• _Task instructions_:
The answer must consist solely of the lines from the one with "Ryan Rossi will" through the last line of the data, copied exactly, with no pictures.

• _Data extract_:
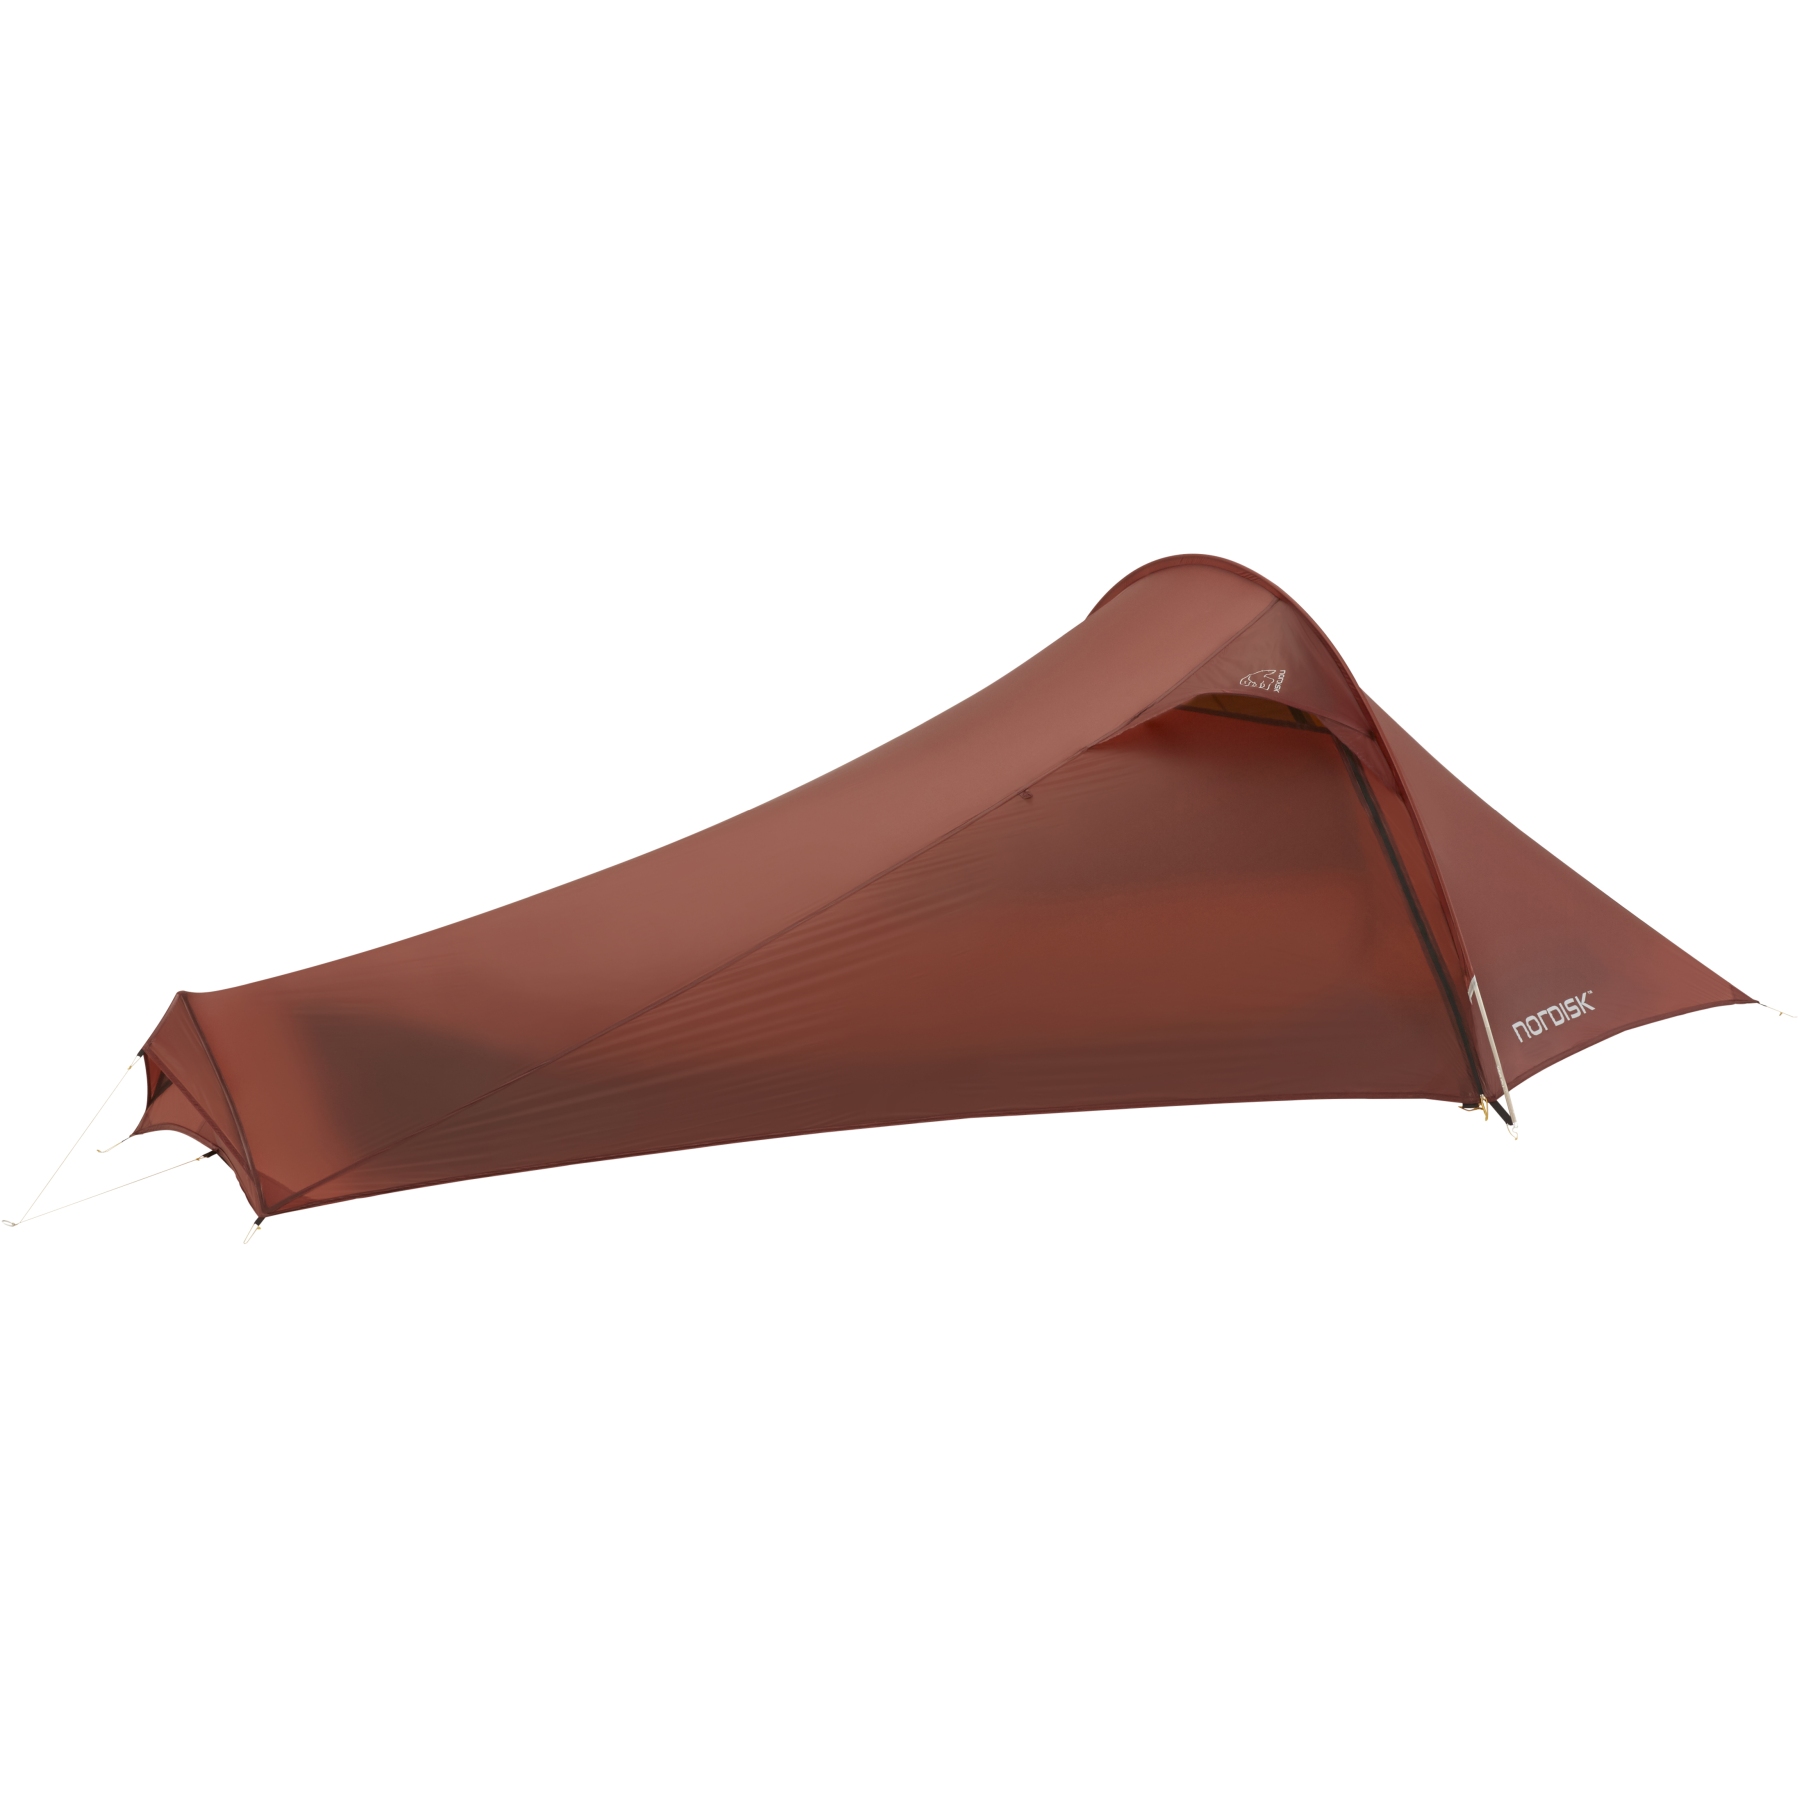 Picture of Nordisk Lofoten 1 ULW Tent - Burnt Red
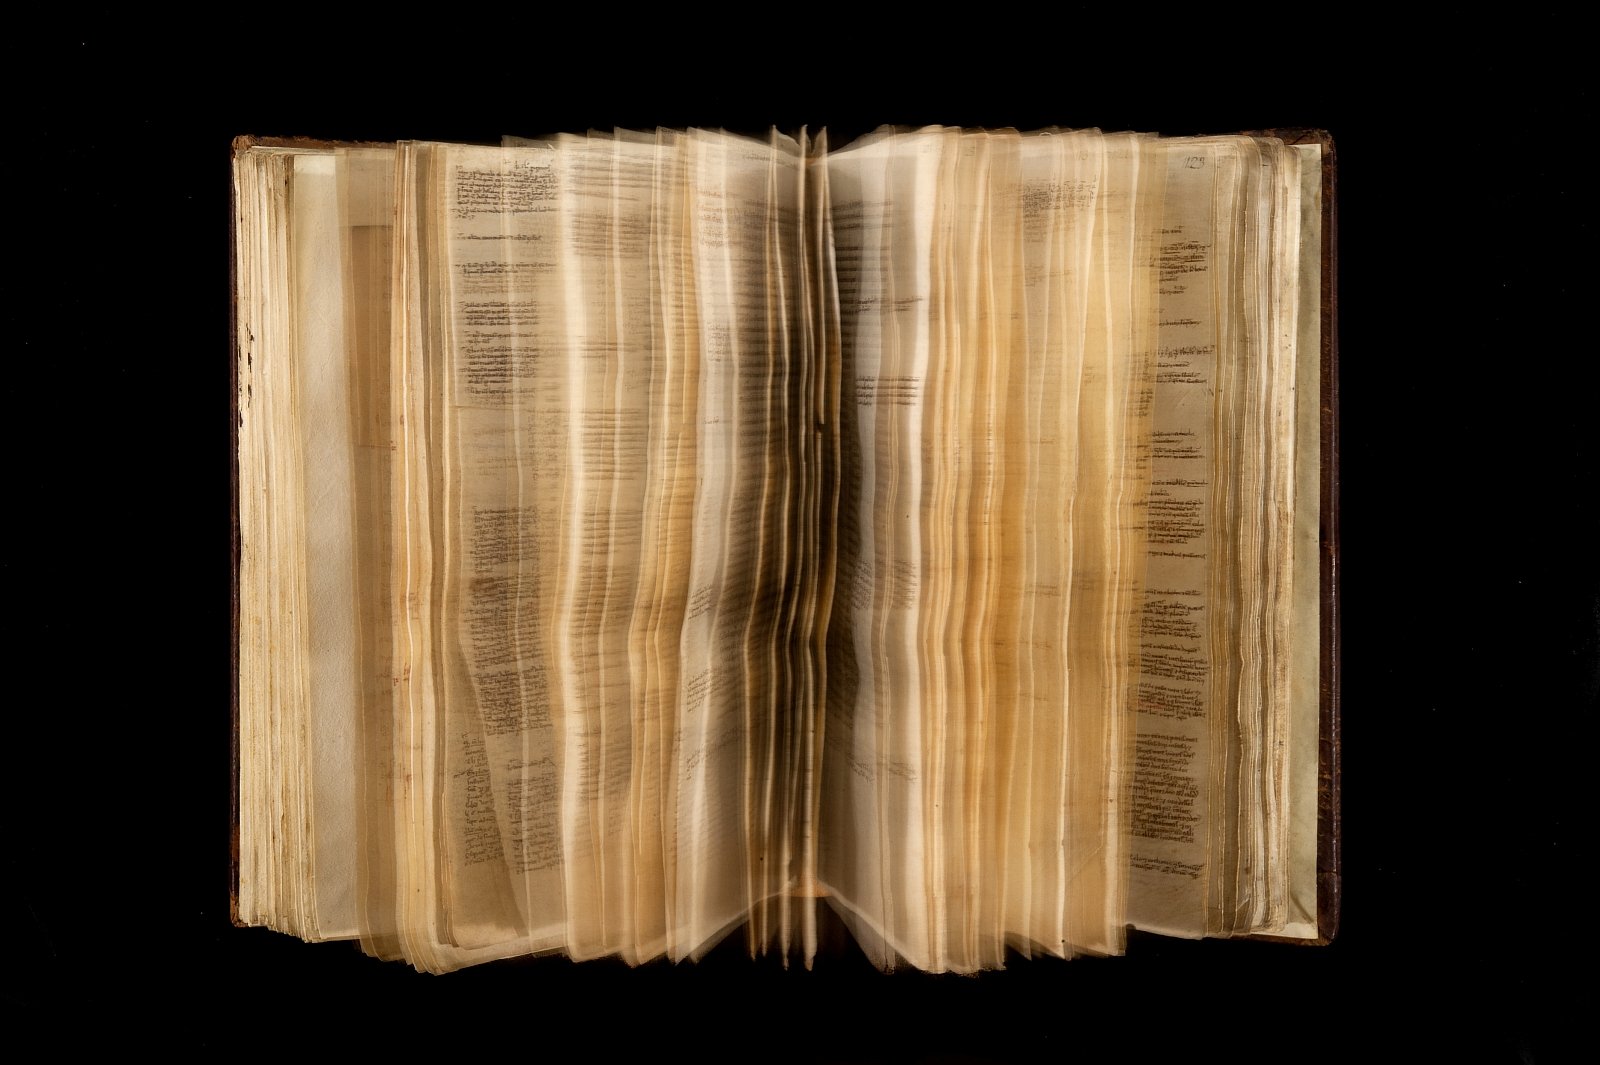 A standing book block of a manuscript with pages fanning out
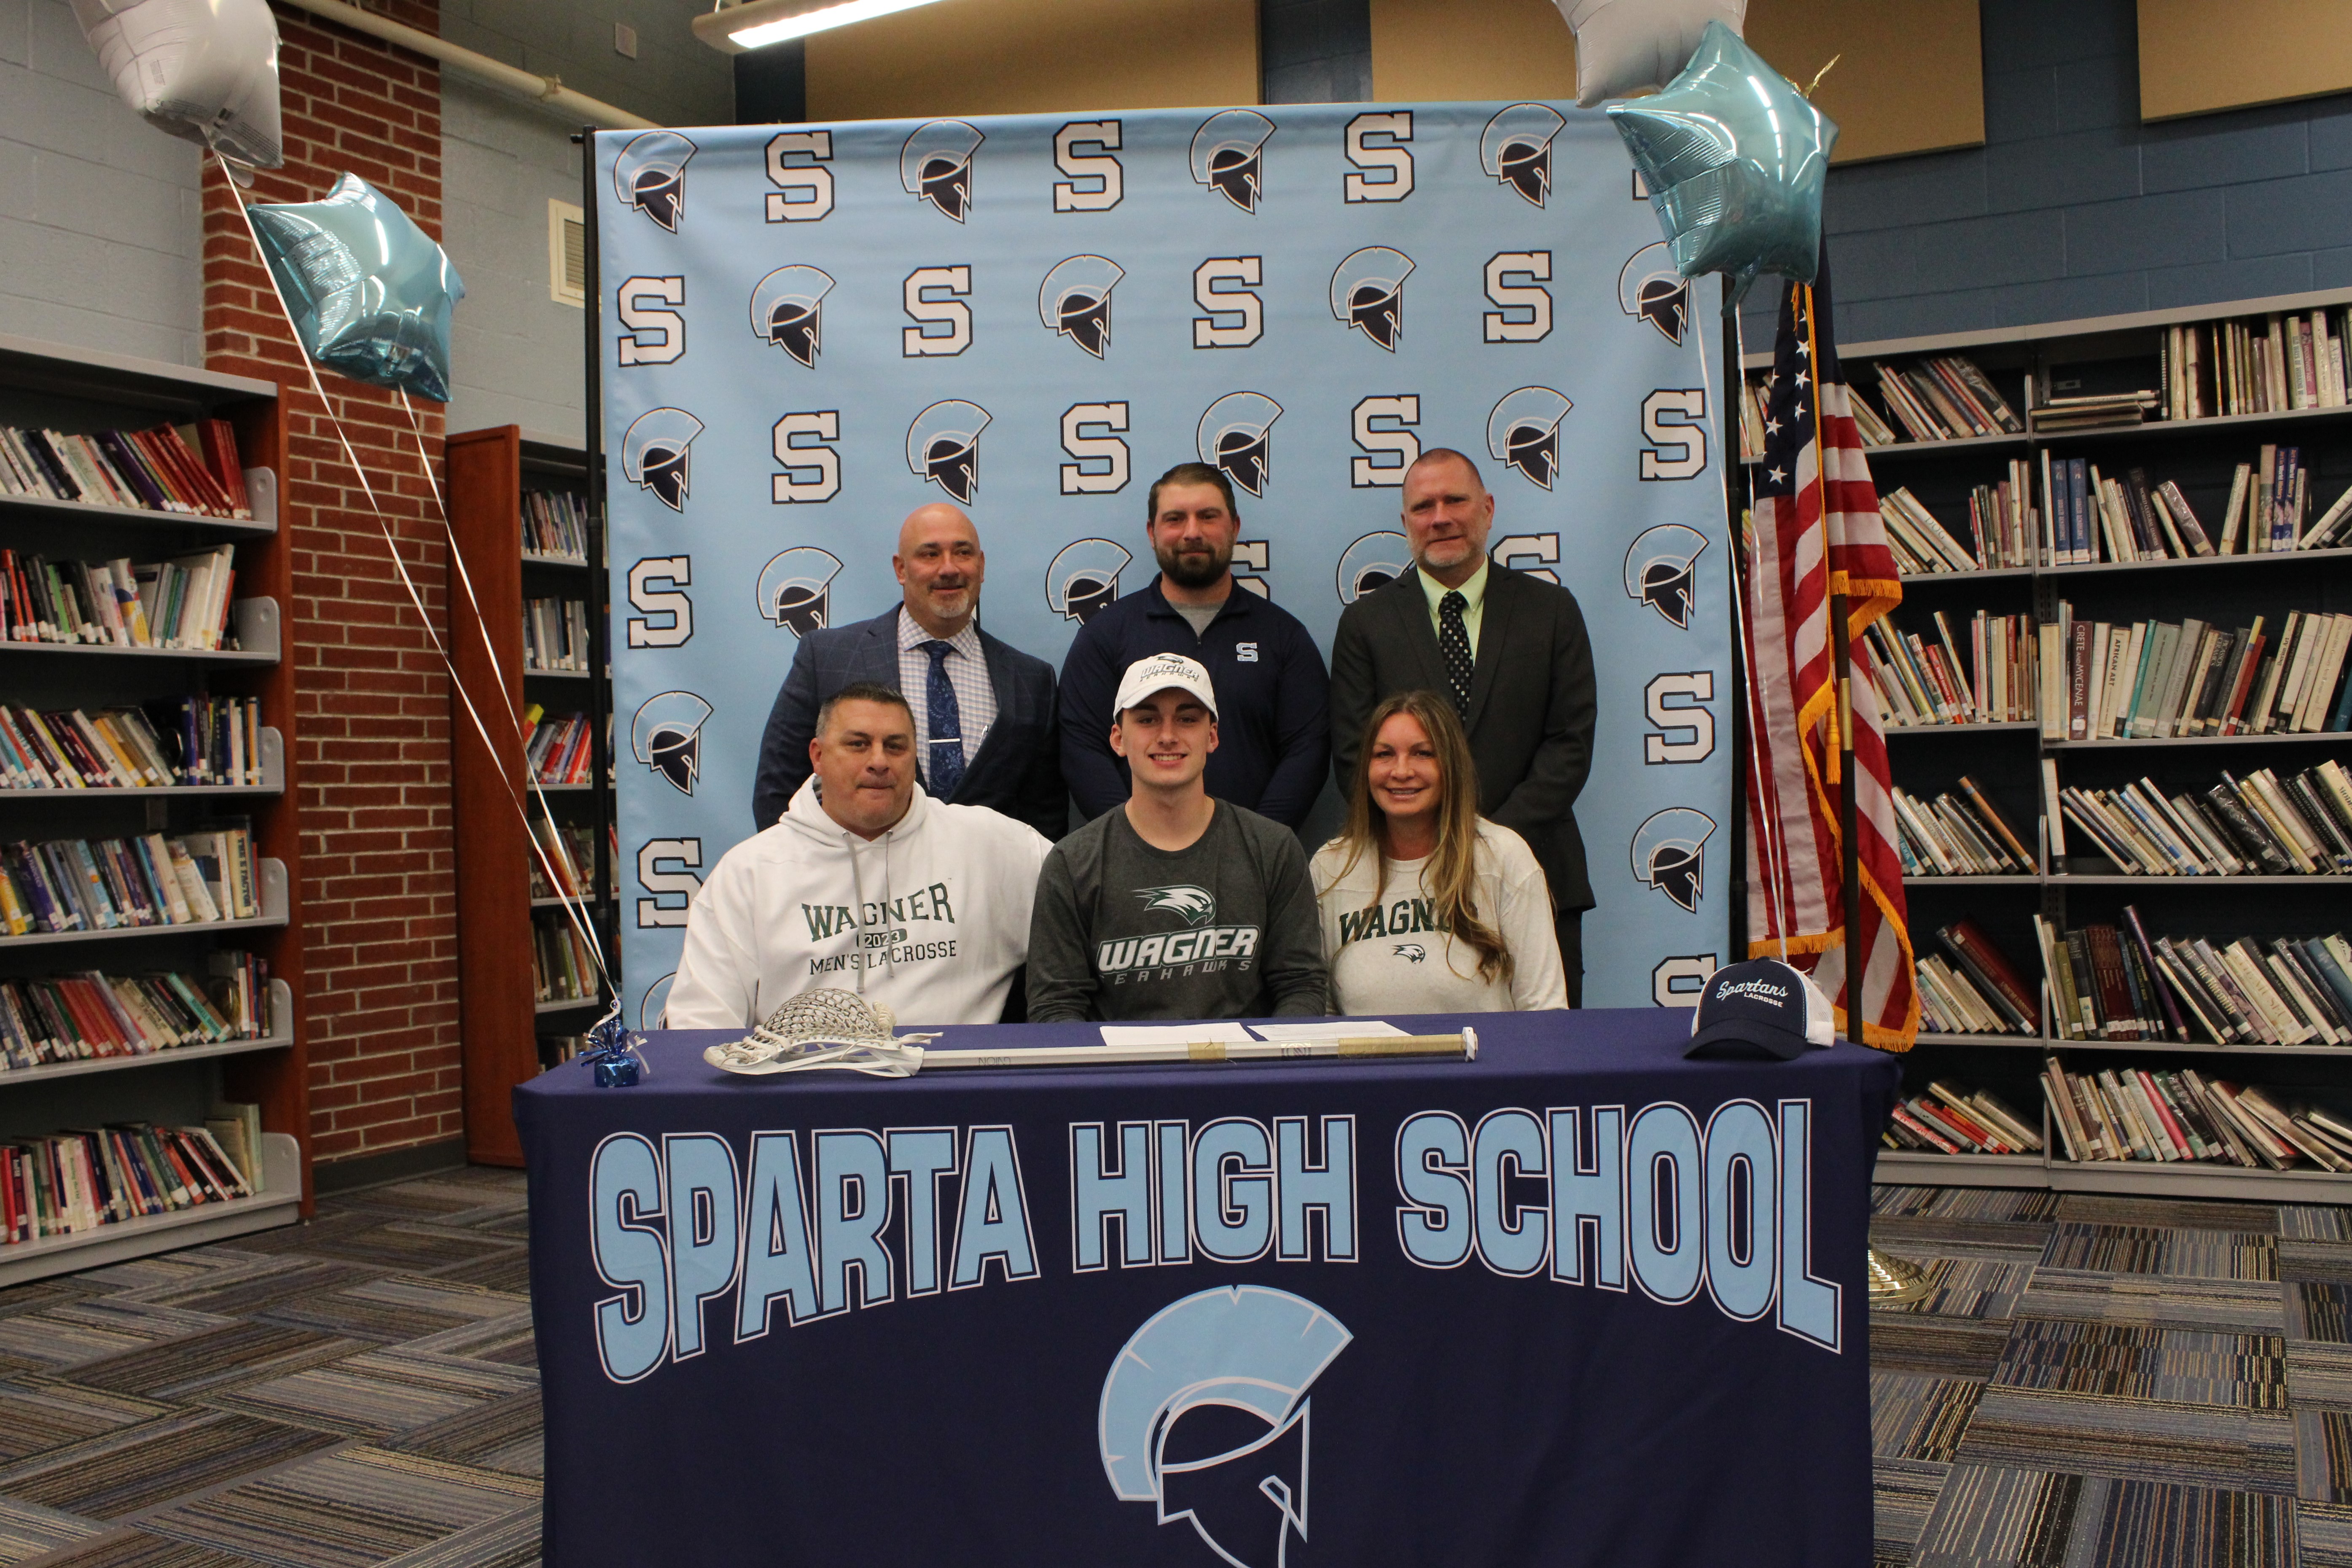 Ryan Rossi will continue his lacrosse career at Wagner College.  Pictured are: Back row: Dr. Ed Lazzara, Principal; Sean Peterson, head coach and Steve Stoner, AD
Front row: Steven Rossi, Ryan Rossi and Donna Rossi

• _Answer below_:
 Ryan Rossi will continue his lacrosse career at Wagner College.  Pictured are: Back row: Dr. Ed Lazzara, Principal; Sean Peterson, head coach and Steve Stoner, AD
Front row: Steven Rossi, Ryan Rossi and Donna Rossi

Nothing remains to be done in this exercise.